The 2026-04-16 baremetal numbers reflected an 8-commit performance campaign run on commit `3bec2da`:
L5 `9370579`, L2 `d9afbdf`, L7 `3f493a8`, L1 `a506589`, L3 `d586012`, L6 `8097aa5`,
L4 scoped `e812232`, L7b `3bec2da`. This campaign closed the container-vs-baremetal regression
and narrowed the libfyaml gap from "slower on 2–3 fixtures by 10%+" to "slightly behind on 2
fixtures by ≤5%".

The 2026-04-27 numbers reflect a second performance campaign across two plans:
- `2026-04-26-parser-perf-recover-tag-allocations.md`: `Cow::Borrowed` tag URIs (`3f15780`),
  first-byte schema dispatch (`a7206f6`).
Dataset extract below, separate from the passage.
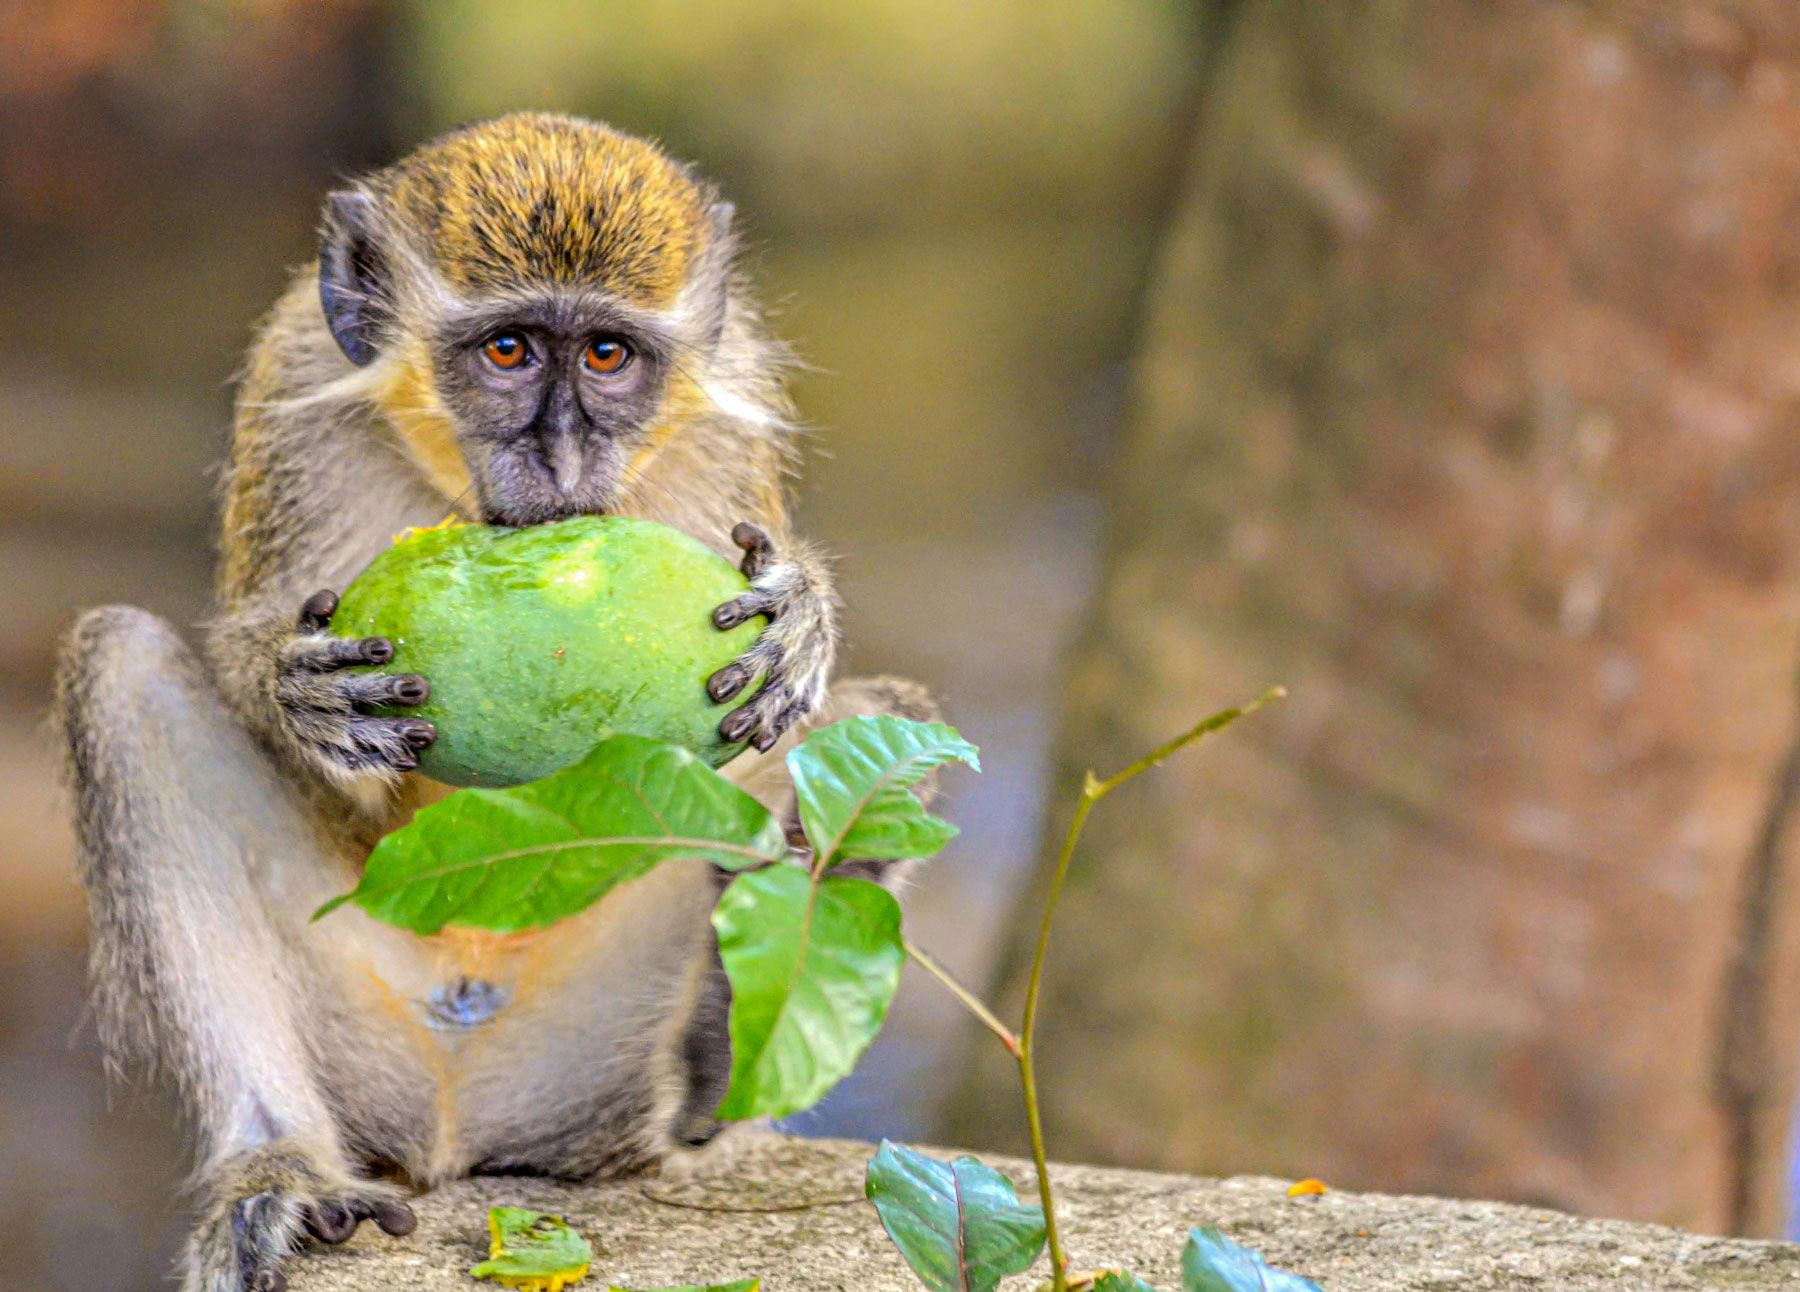 barbados green monkey eating fruit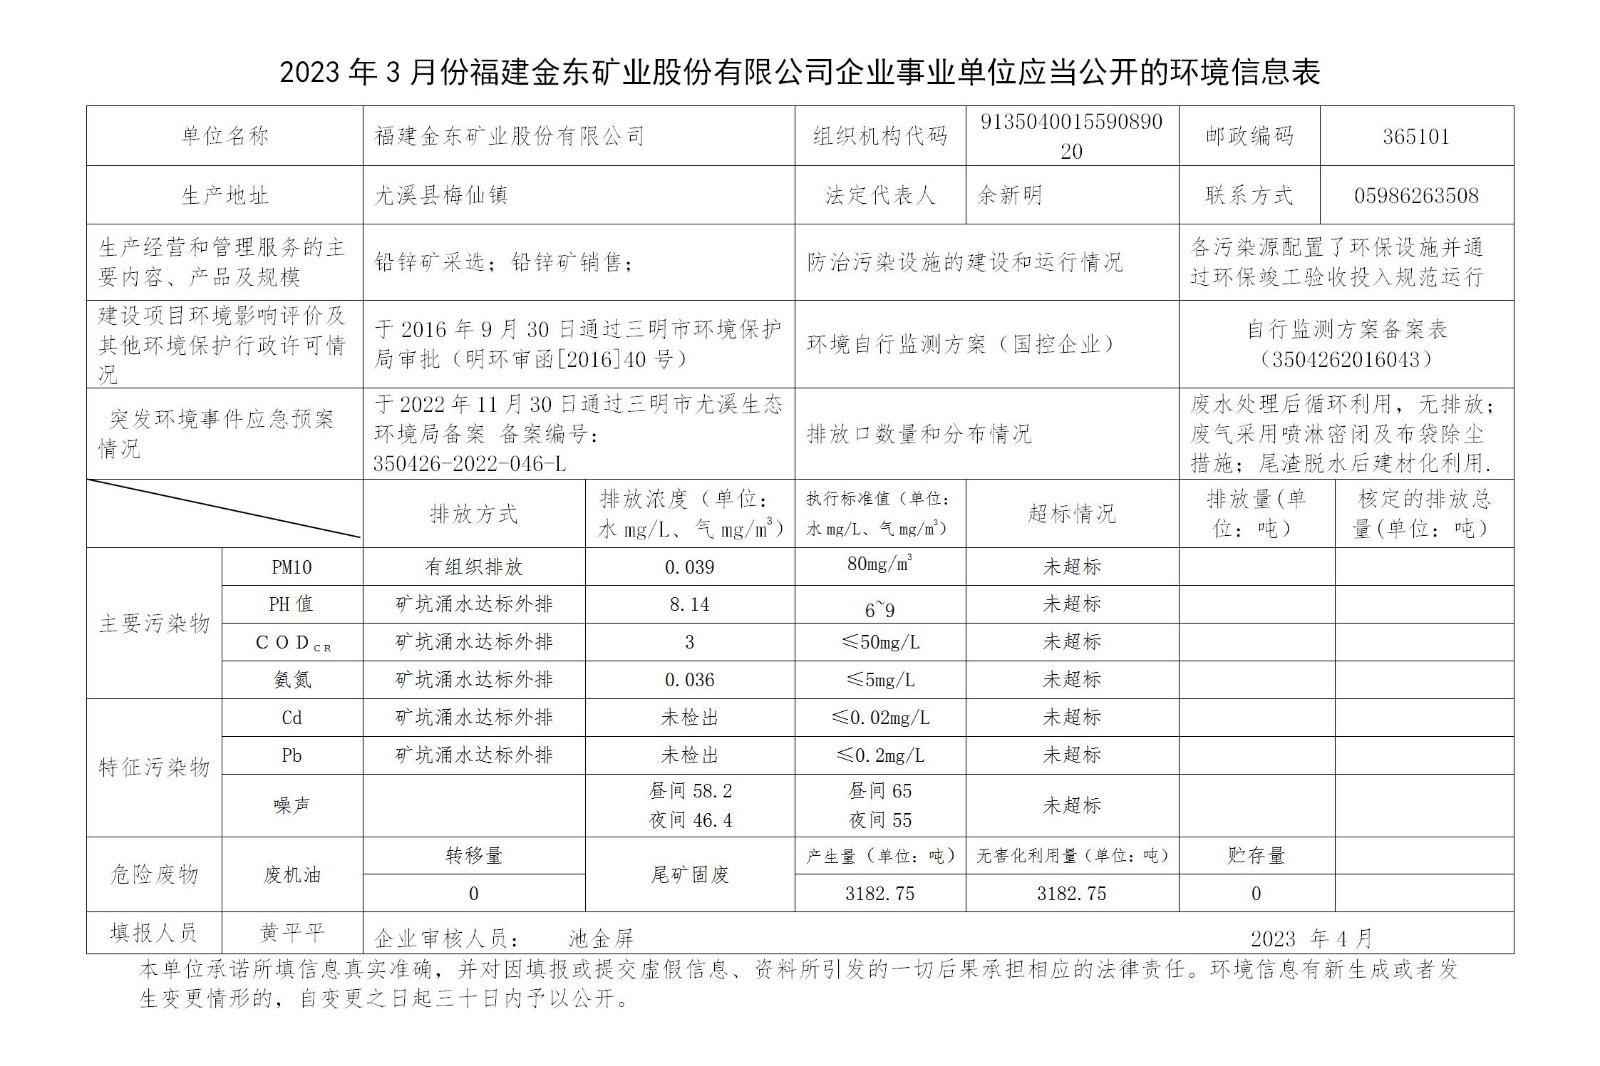 2023年3月份IM电竞「中国」官方网站企业事业单位应当公开的环境信息表_01.jpg

- `2026-04-26-parser-perf-recover-node-event-meta-box.md`: `Option<Box<NodeMeta>>` (`d853605`),
  `Option<Box<EventMeta>>` (`76904a9`), lazy `Span` via `LineIndex` (`716771f`),
  `step_in_document` byte-dispatch (`9bd368e`), `#[inline]` on hot-path functions (`ccdfc1a`).

Key struct size reductions: `Node<Span>` 288 → 120 bytes, `Event` ~112 → 40 bytes,
`Span` 48 → 8 bytes. Combined effect: rlsp is now faster than libfyaml on all 10 event-drain
fixtures (was faster on 5, parity on 3, behind on 2). Load throughput improved 8–56% across
fixtures. First-event latency increased slightly (38.9 → 40.9 ns, +5%) — the cost of the new
`Option<Box<EventMeta>>` construction per event — but remains ~24,400× under the 1 ms acceptance
criterion and ~19× faster than libfyaml.